I was so confident going into Rails to Trails Marathon. This was marathon number fifteen! I’ve been there, done that, made mistakes, learned, did speed work, recovered, tapered, carbo-loaded, etc. There was no doubt that I would at the very least PR at this one.
But somehow at the early mile of four I knew it wasn’t my day. I started off strong, consistent, chatting with other runners, happy to be running. After mile four my breathing got heavy, for what should have been an easy pace. I tried to deal with it by turning on my iPod, which for some reason played the first eight seconds of a song, skipped a few beats, and then restarted the song.
what, the… frack.
I’d hit the next arrow to try the next song, which did the same thing. I reminded myself that I don’t need music, I do half and full Ironmans without music. But I wanted my music today. I didn’t want to hear my heavy breathing. Plus, this is a very small, lonely course. There’s no spectator support. It’s just you, your thoughts, the woods, and a few aid stations every now and then.
I yanked my earbuds out, frustrated, and forced myself to run faster. At this point I stopped looking at my Garmin because I didn’t need one more mental battle. I got to the tunnel portion of the marathon and enjoyed that. I came out feeling alive, running. Enjoying this beautiful day.
The 13.1 mile clock read 2:12. I knew I wouldn’t hit my goal of 4:17, but this left me plenty of time to at least PR. Instead of going for it, I began to walk. I have no idea why. I just straight up walked. I walked into that dark place. Why bother? I should get a ride back into town. I don’t belong on a team of amazing women. I’m a fraud. It’s a beautiful day to walk a marathon.

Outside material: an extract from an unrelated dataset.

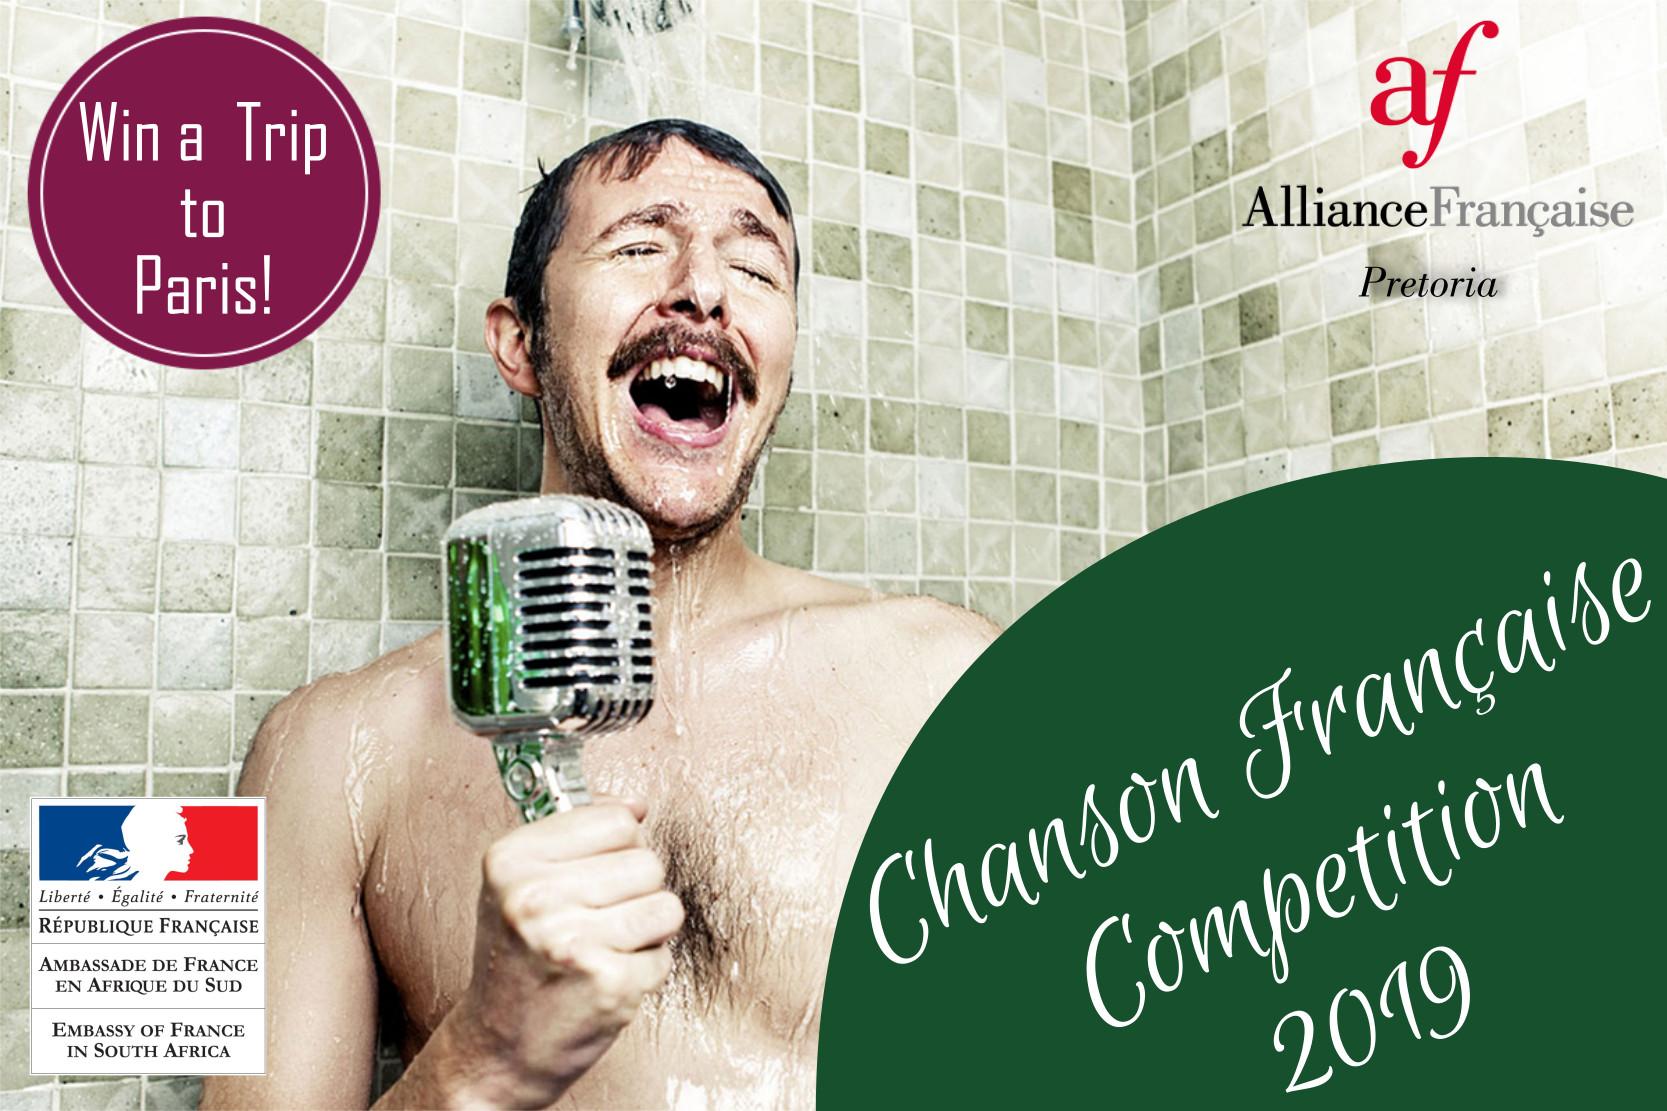 Chansons Française Competition 2019

At mile 18 I was getting hungry so I started to run again. I had purpose, to finish this silly thing and get some food in me. I encouraged others as I passed them, heading back to Norwalk. I saw a girl in the back of a sag vehicle getting a ride back to Norwalk. I missed my chance of quitting by seconds. But at that far into a marathon there’s no way I would quit unless a limb was falling off. I thought of the many reasons I had not to quit:
- My excited social media posts about running my 15th marathon.
- I was accepted onto the Coeur Sports 2017 Team.

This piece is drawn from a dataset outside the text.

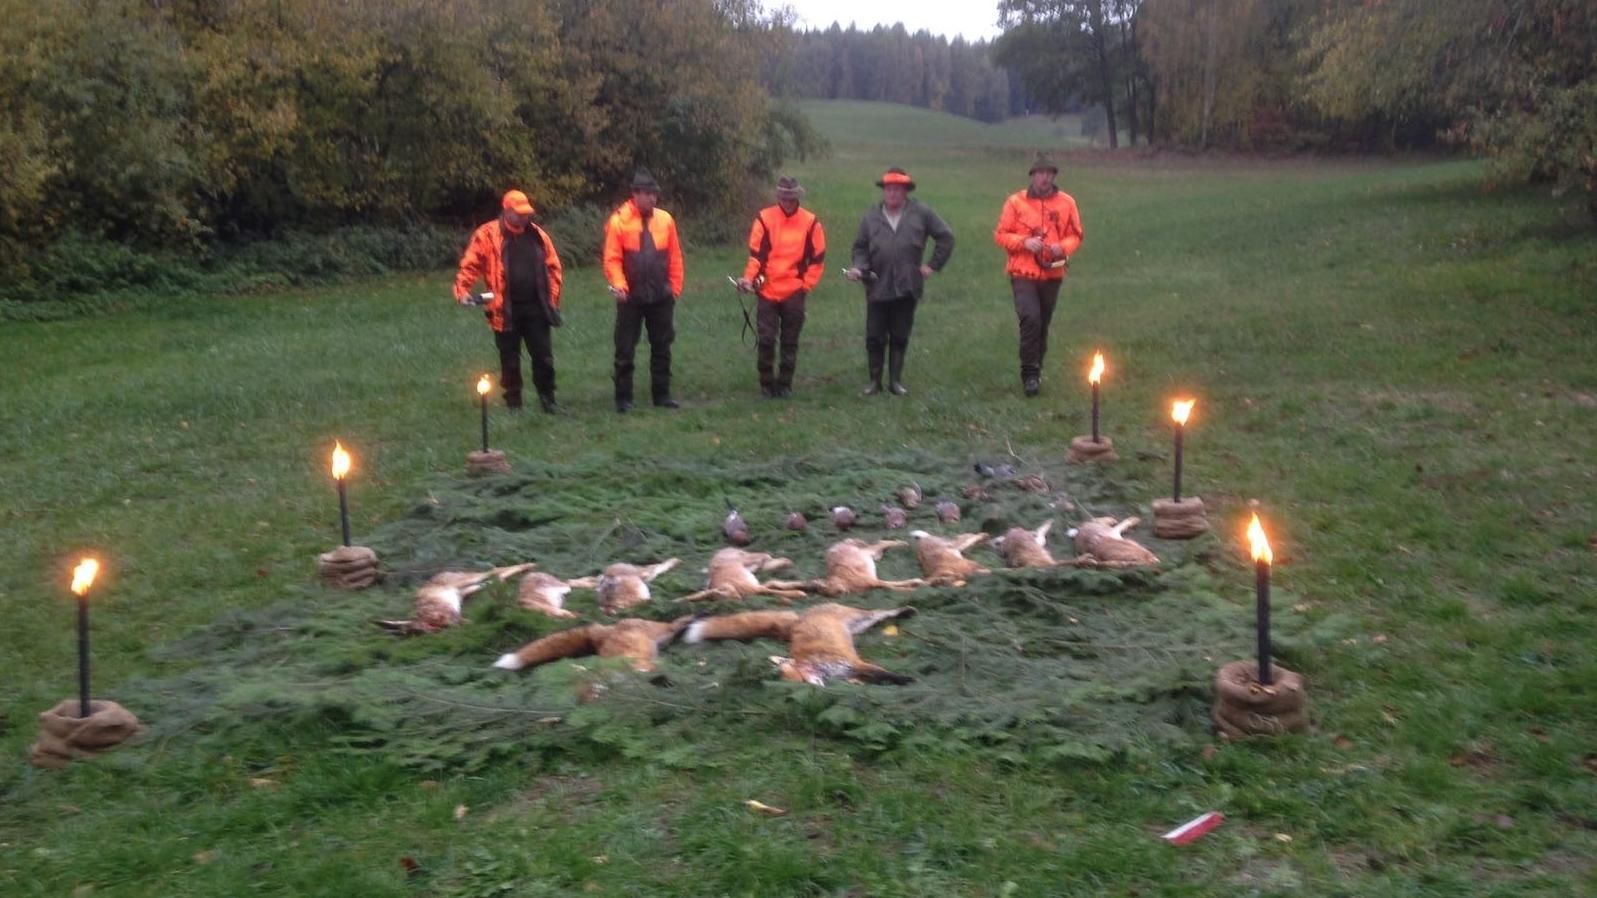 Jäger haben bei einer Treibjagd acht Hasen erlegt

- I brought my friend Becca with who I’ve always yelled DON’T QUIT at.
- All of my limbs were attached.
- I GET to do this!
- I got out of bed at 3:50am and drove two hours, might as well get a medal.
So, I missed my goal by 50 minutes. It was disappointing. I was frustrated at myself. I gave myself 20 seconds to be upset, and then saw the gigantic blisters on both of my middle toes and was proud to have finished with that pain.
Anyone can show up and quit. Anyone can have a great race. It takes heart to get through the unexplained dark places and finish 26.2 miles.
And then it takes courage to do it all over again seven days later.